Маленькая, лёгкая, как птичка, она восседает за громадным пультом и управляет цифровой рентгеновской установкой, как космическим кораблём.
Мы с Екатериной Марковной сидим в старенькой хрущёвке, пьем чай, жуем пирожки с ревенем и разговариваем. Знаете, есть такие дома, куда проваливаешься, как в детство: застеклённые книжные полки, медицинские справочники и учебники, чёрно–белые фотографии и детские рисунки, на кухне – чайник со свистком... Я слушаю, как Екатерина Марковна вспоминает свою жизнь, и понимаю, что хорошо бы это услышать всем.

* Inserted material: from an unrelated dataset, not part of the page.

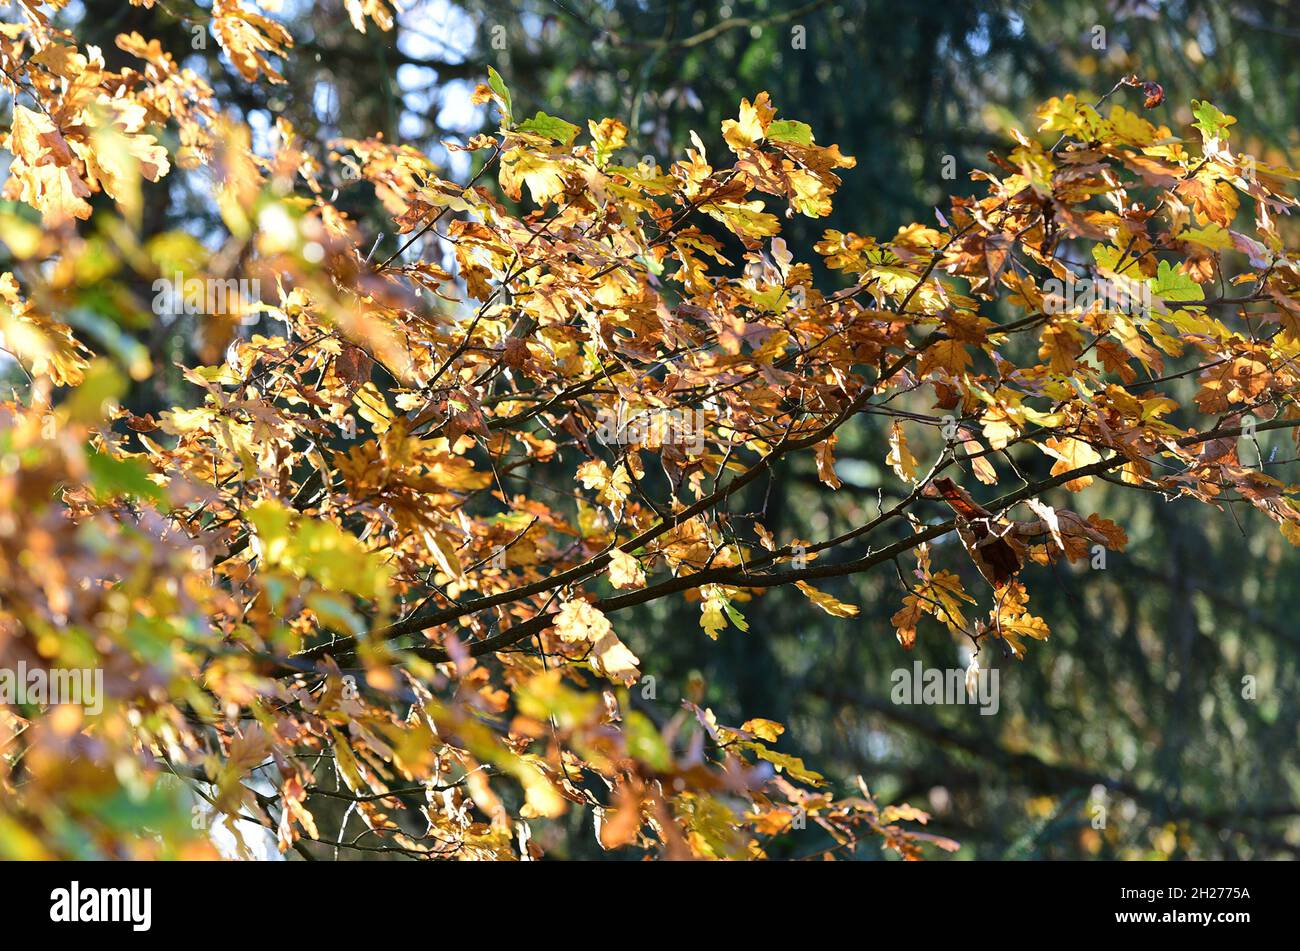 Herbstlicher Laubwald in Österreich, Europa - Autumn deciduous forest in Austria, Europe Stock Photo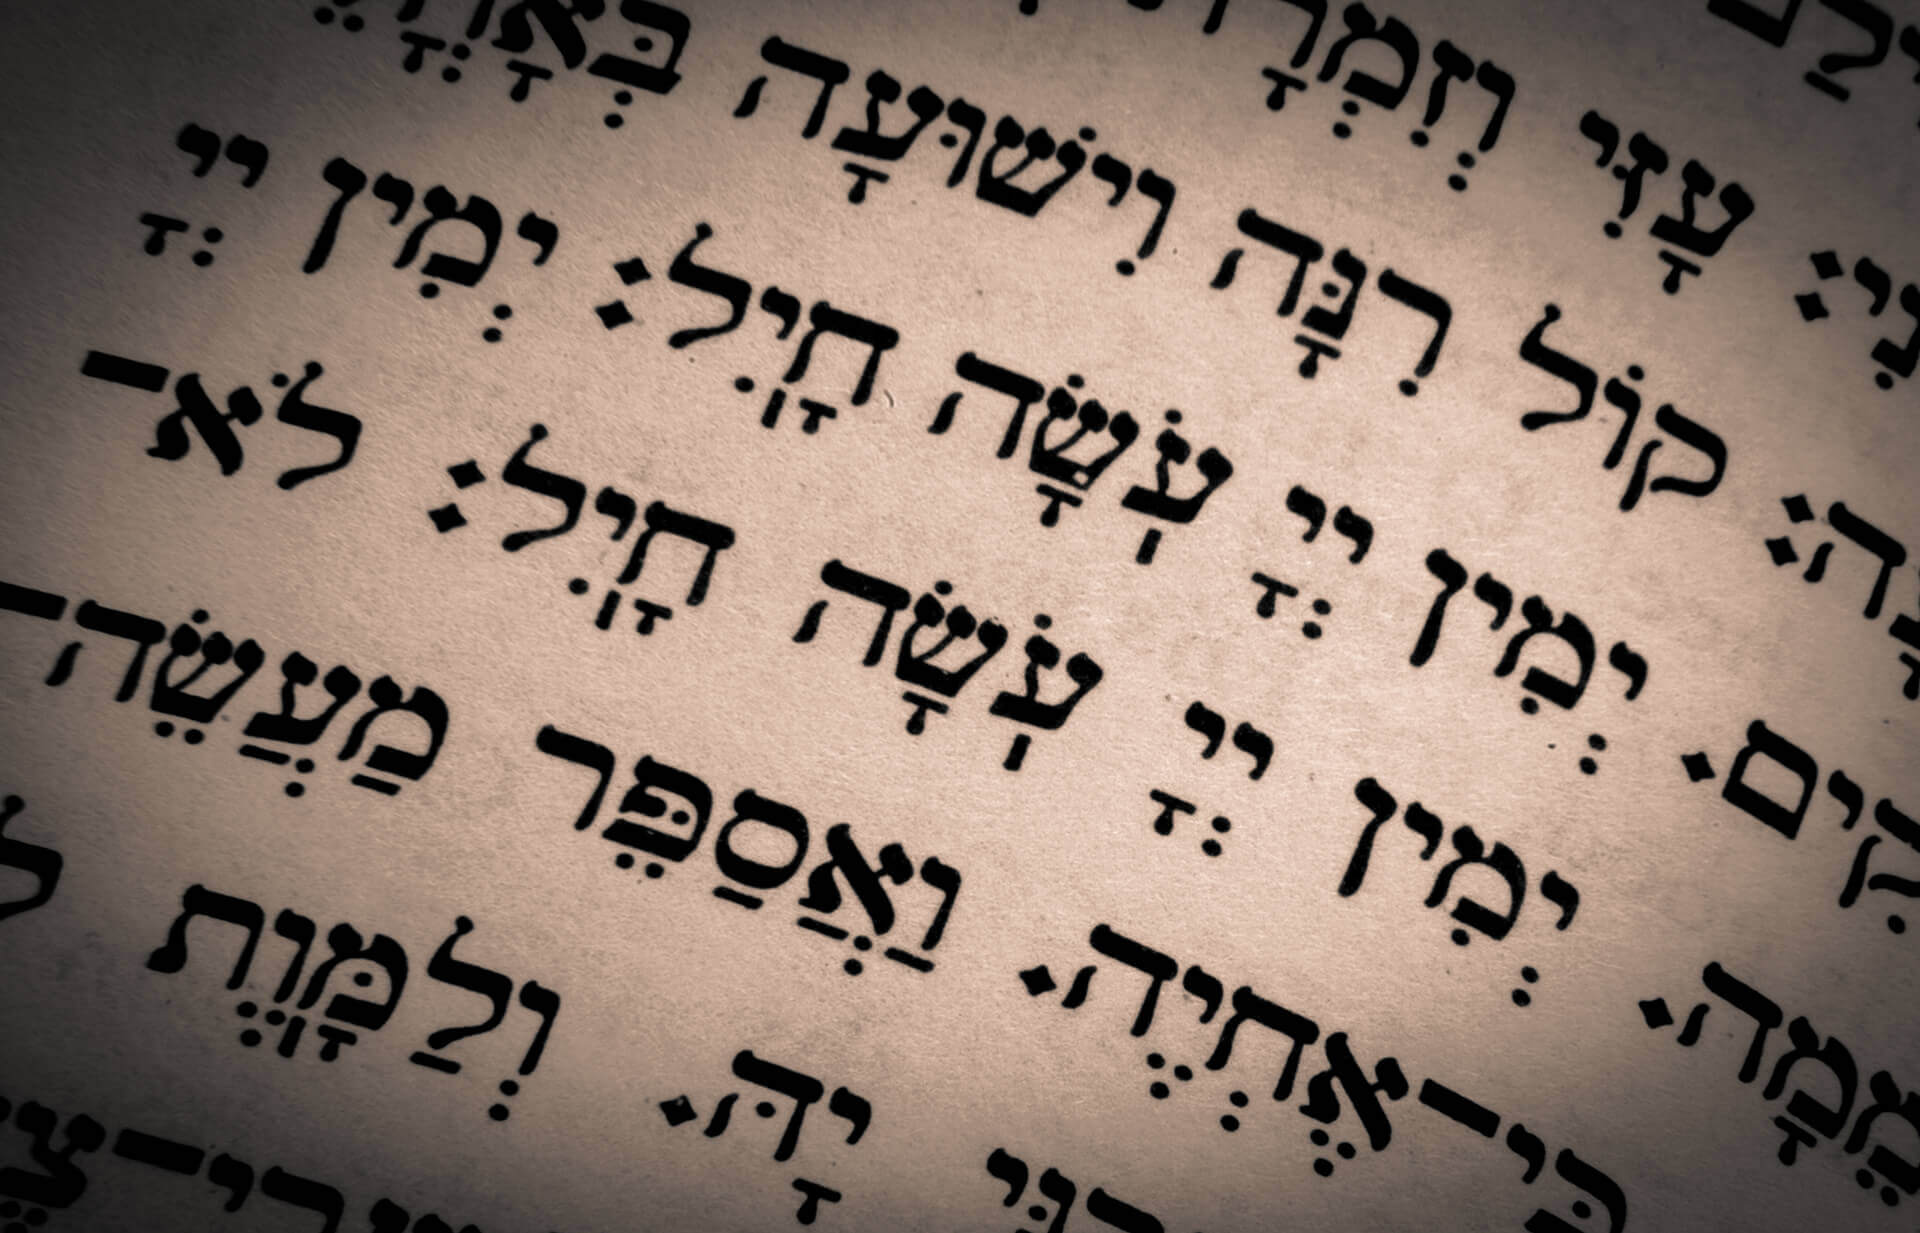 Hebrew short stories 1

Девять историй из жизни Екатерины Марковны Сумной.
Автомобиль
Я вожу машину… с 17 лет! Мой папа, главный врач городской больницы, начал обучать меня на своем 401–ом «Москвиче» и на грузовике–полуторке. Инспектор из ГАИ спросил меня: «А что ты будешь делать, если откажут тормоза?» – «На скорости поеду». – «А когда в гараж приедешь?» – «Я папу позову!». После этого он почему–то выдал мне права. Я была, конечно, уникум – 1948 год, девица за рулем. Ещё и в очках. Я и теперь вожу. У меня «Лада Калина» 2005 года. Меня не смущают ни скорости, ни количество машин, только парковка в центре меня смущает. Я место ищу долго, сто тысяч лет.
Профессия
Я собиралась стать физиком. В 9–м классе папа, а он был хирургом, привёл меня в операционную: смотри. Он сделал разрез кожи, я увидела все ткани и потеряла сознание. Меня вытащили в коридор. Я пришла в себя, нашатырь в нос и обратно. Так, с нашатырём я ходила на операции, потому что мне было страшно интересно. Всё! Когда мне интересно – я этим занимаюсь. Я решила, что буду хирургом. Хотя в те годы это было совсем немодно, модно было идти на завод.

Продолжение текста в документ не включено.